Ligand summary page annotations
Each ligand (chemical component) in the PDB has an associated ligand summary page (Figure 2c) that lists basic chemical information (18) including names, molecular weight and molecular descriptors, such as SMILES (39), InChI and InChIKey, plus a 2D chemical diagram and a 3D interactive view. Since many ligands have important pharmacological functions, we have provided additional annotation by integrating data from DrugBank. For ligands that match DrugBank entries, we display DrugBank annotation and links to the associated DrugBank drug cards (Figure 2c). DrugBank also annotates secondary targets and off-targets. By clicking on the search link, the user can use the RCSB PDB sequence search to find secondary targets and off-targets. For example, 3-phosphoinositide-dependent protein kinase 1 is listed as a secondary target for Celecoxib, and the search returns several PDB structures of this protein. Celecoxib and its derivatives are known to inhibit 3-phosphoinositide-dependent protein kinase 1, which is implicated in tumor invasion, angiogenesis and tumor progression (40). This example illustrates the utility of linking two complementary data resources to aid the user in exploring such relationships.
Binding site visualization
Co-crystal structures of drugs available in the PDB offer atomic level views of drug-macromolecule interactions. We provide visualization tools to help examine these interactions. Each PDB structure has an associated Structure Summary page. If a structure contains ligands, they are enumerated in the Ligand Chemical Component section (Figure 3a) of the Structure Summary page, PDB ID 1OQ5 (41). Ligand analysis options include a 2D ligand interaction diagram generated by PoseView (42) (Figure 3b), interactive 3D binding site views using Ligand Explorer (33) (a Java Webstart application automatically installed and updated on client machines) and Jmol applet (27) (Figure 4b). Ligand Explorer provides options to display hydrogen bonds, metal coordination, hydrophobic contacts, plus solid, mesh and dotted binding site surfaces colored for hydrophobicity.
Figure 3.
(a) Ligand Chemical Component widget on the Structure Summary page for Celecoxib bound to carbonic anhydrase II from PDB ID 1OQ5 (41). The ‘View Interactions’ section provides access to 2D and 3D ligand-binding site views. (b) 2D Ligand interaction diagram generated by PoseView (42) (dashed lines, hydrogen bonds and metal interactions; green line, hydrophobic interactions). (c) Interactive 3D visualization using Ligand Explorer (33) (ligand in stick and ball style, and some of the interacting binding site residues in green; dashed lines, hydrogen bonds and metal coordination with distance, and transparent binding site surface color-coded by hydrophobicity of the closest amino acid residue (yellow, hydrophobic; blue, hydrophilic).
Figure 4.
Two new custom rendering options on the Jmol /JSmol page demonstrated using PDB ID 1OQ5 (Celecoxib bound to Carbonic Anhydrase II) (41). (a) Rendering of the crystal packing (3 × 3 unit cells in the ab plane), carbonic anhydrase II (cartoon style) and Celecoxib (CPK style). (b) Jmol rendering of the Celecoxib (ball-and-stick style) in carbonic anhydrase II binding site (stick style). The trimmed ligand VDW surface is color-coded by the distance of the surface to the nearest side chain atom (short contact distances, red; optimal hydrophobic interaction distances, green; longer distances, blue). The red regions (close contacts) at the top of the surface represent hydrogen bonds and metal coordination of the sulfonamide group of Celecoxib with THR 199 and Zinc.
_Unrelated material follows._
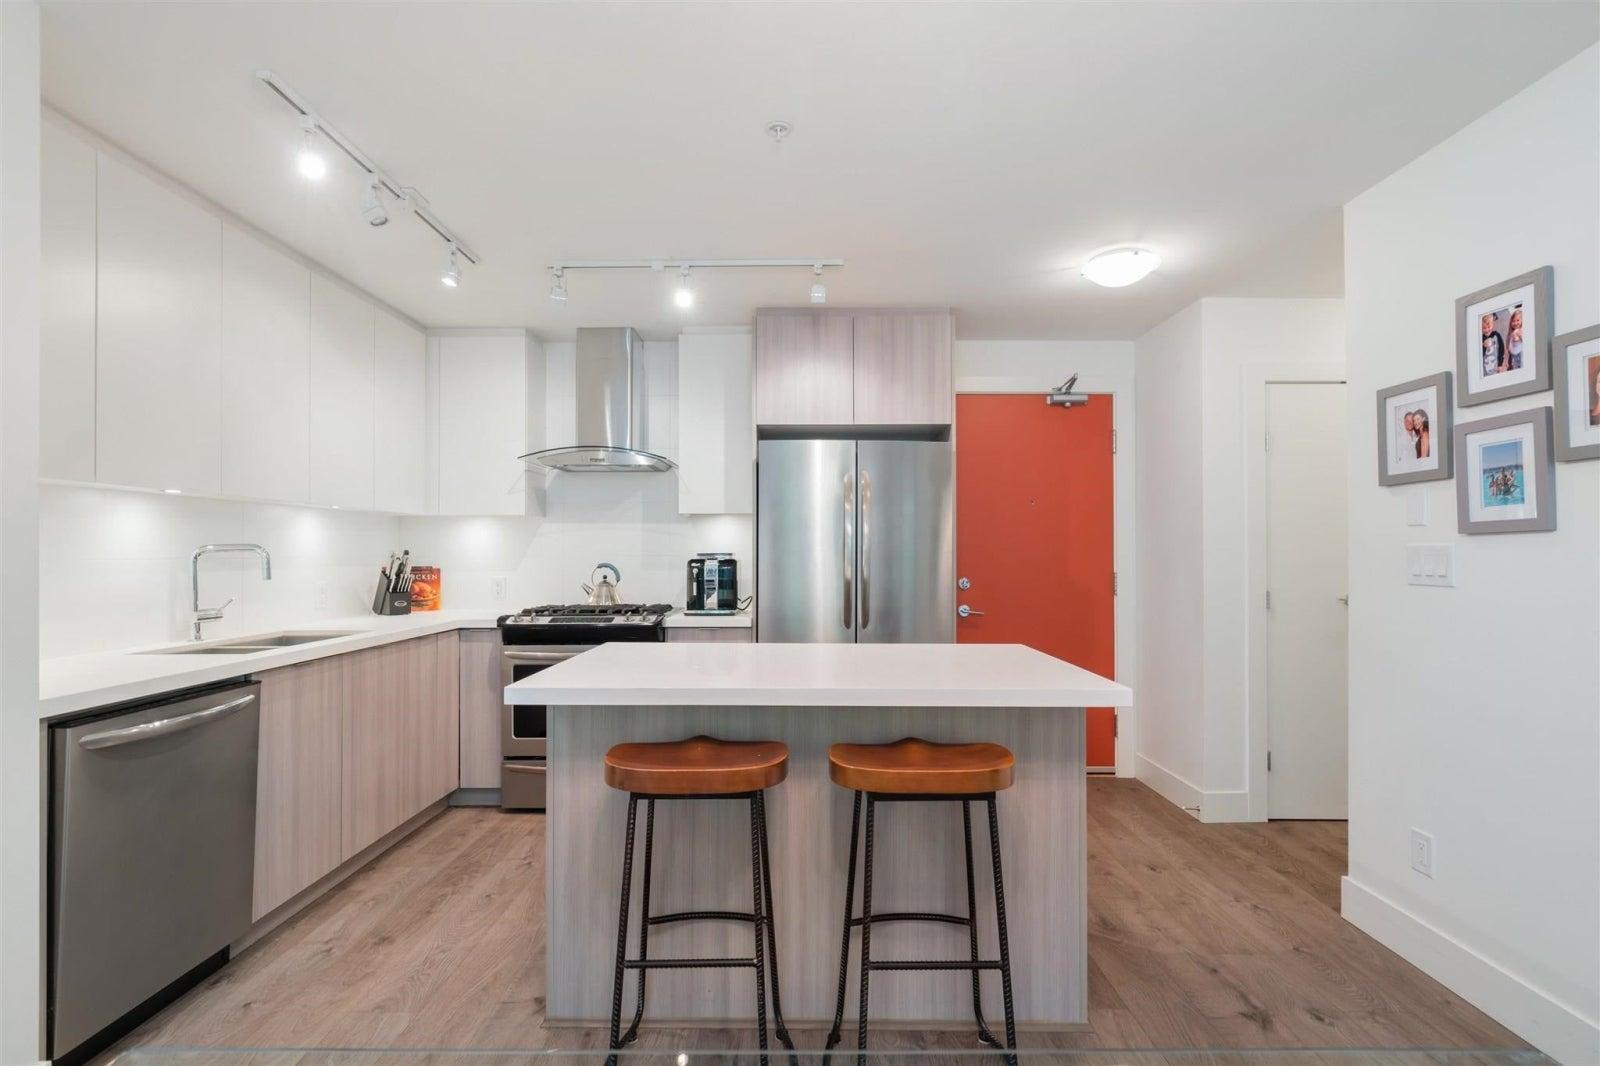 222 3602 ALDERCREST DRIVE - Roche Point Apartment/Condo for sale, 2 Bedrooms (R2603975) #9

(a) Ligand Chemical Component widget on the Structure Summary page for Celecoxib bound to carbonic anhydrase II from PDB ID 1OQ5 (41). The ‘View Interactions’ section provides access to 2D and 3D ligand-binding site views. (b) 2D Ligand interaction diagram generated by PoseView (42) (dashed lines, hydrogen bonds and metal interactions; green line, hydrophobic interactions). (c) Interactive 3D visualization using Ligand Explorer (33) (ligand in stick and ball style, and some of the interacting binding site residues in green; dashed lines, hydrogen bonds and metal coordination with distance, and transparent binding site surface color-coded by hydrophobicity of the closest amino acid residue (yellow, hydrophobic; blue, hydrophilic).Two new custom rendering options on the Jmol /JSmol page demonstrated using PDB ID 1OQ5 (Celecoxib bound to Carbonic Anhydrase II) (41). (a) Rendering of the crystal packing (3 × 3 unit cells in the ab plane), carbonic anhydrase II (cartoon style) and Celecoxib (CPK style). (b) Jmol rendering of the Celecoxib (ball-and-stick style) in carbonic anhydrase II binding site (stick style). The trimmed ligand VDW surface is color-coded by the distance of the surface to the nearest side chain atom (short contact distances, red; optimal hydrophobic interaction distances, green; longer distances, blue). The red regions (close contacts) at the top of the surface represent hydrogen bonds and metal coordination of the sulfonamide group of Celecoxib with THR 199 and Zinc.
JavaScript applications to support mobile devices
To support growing web traffic from mobile devices, we now offer JavaScript-based applications as an alternative for unsupported Java Applets. We have replaced the Marvin Java Applet with the new JavaScript version, MarvinJS (https://www.chemaxon.com/) for chemical structure searching. This augmentation provides for smooth integration of the application with our website and works well on any device. For 3D display of ligands on the Ligand Summary pages and small proteins within the PDB-101 educational section, Jmol (Java Applet) has been replaced with its JavaScript version, JSmol (27). For the main Jmol viewer hosted on Structure Summary pages, Jmol is used if Java support is detected; otherwise, JSmol is launched.For high-performance rendering and display of very large structures on mobile devices, we offer the RCSB PDB Mobile app for both iOS and Android operating systems (43).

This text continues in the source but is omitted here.